Die Kanonen brüllten. Aber von drüben blieb die Antwort nicht aus. Es mußten ganz moderne Schiffe sein, denn sie feuerten, ohne sich auf Breitseite zu legen.

Und das schlimmste war, die Reichweite ihrer Rohre war größer. Trotz ihrer Überlegenheit flohen sie weiter. Das stachelte den Zorn und den Ehrgeiz der andalusischen Gräfin an, stimmte aber Senor Virgen nachdenklich. Er tat zwar so, als hole er mit seinen Manövrierbefehlen das Beste aus der »Trueno« heraus, steuerte aber so, daß sich die Distanz vergrößerte. In diesem Augenblick schlugen zwei Kugeln auf dem Deck der »Trueno« ein und rissen einige Segel herunter. Virgen hatte genug.

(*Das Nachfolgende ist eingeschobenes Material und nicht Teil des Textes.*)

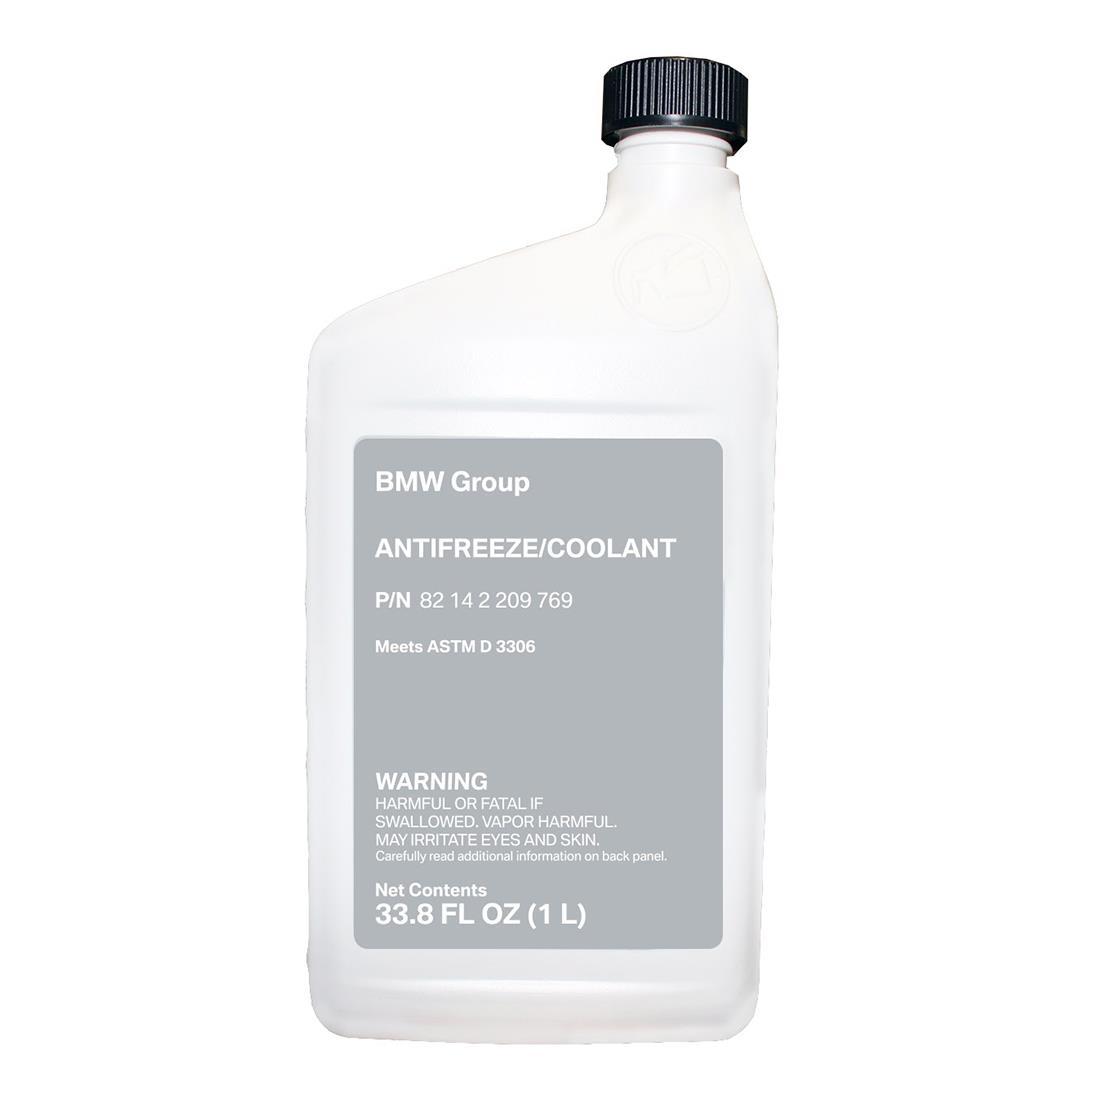 BMW Antifreeze/Coolant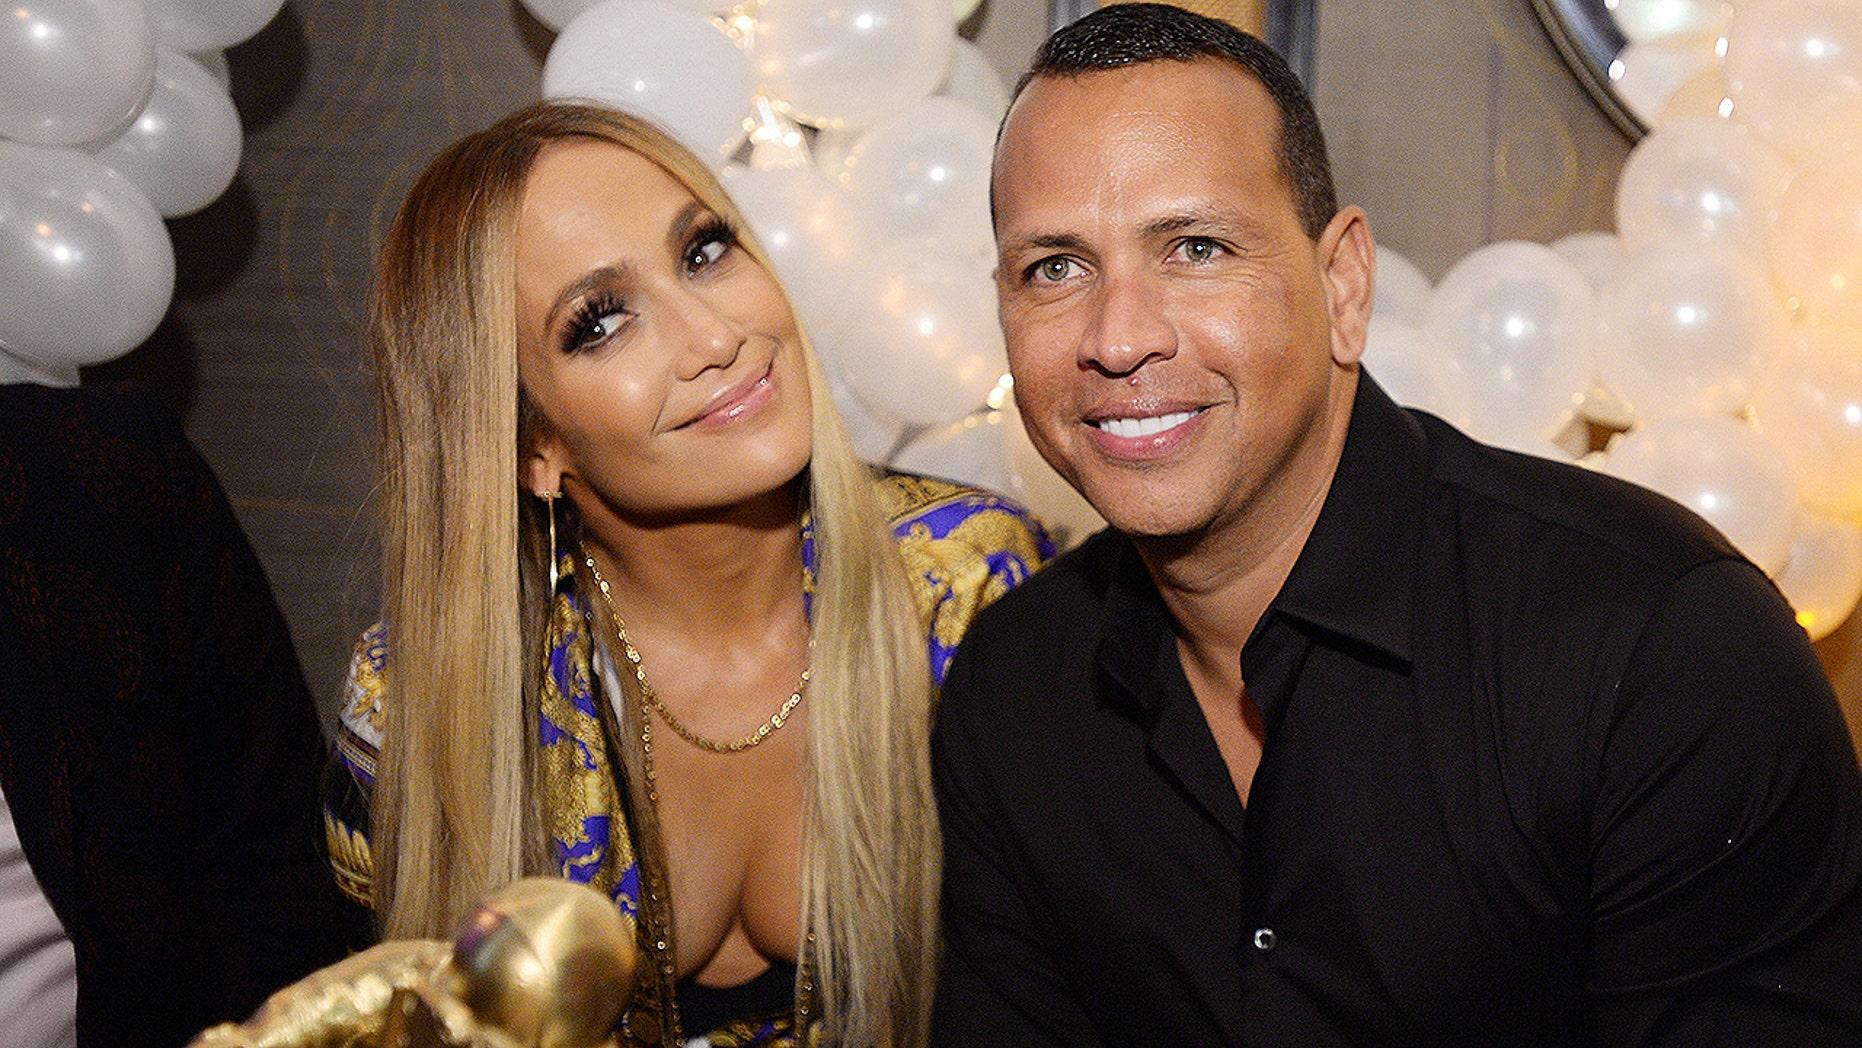 Alex Rodriguez Gushes Over 'Beautiful' Fiancee Jennifer Lopez

»Wir schaffen es nicht, Senorita Capitan«, rief er ihr zu. »Wir können nicht schnell genug manövrieren. Unsere Ladung hindert uns.« Marina antwortete nicht.

Die beiden flaggenlosen Schiffe vergrößerten ihren Abstand so weit, daß auch ihre Kanonen die »Trueno« nicht mehr erreichen konnten.

Virgen atmete auf. Und die Mannschaft war nicht böse über die mißglückte Jagd.

Als es tagte, waren von den Gegnern gerade noch die Masten zu sehen. Unerreichbar waren sie jetzt. Nach einer weiteren Stunde verschwanden sie gänzlich am Horizont.

Marina stieg mit schweren Schritten in ihre Kajüte hinunter und brütete stundenlang vor sich hin.

War das Glück von ihr gewichen? Sie holte Wein herbei und begann zu trinken.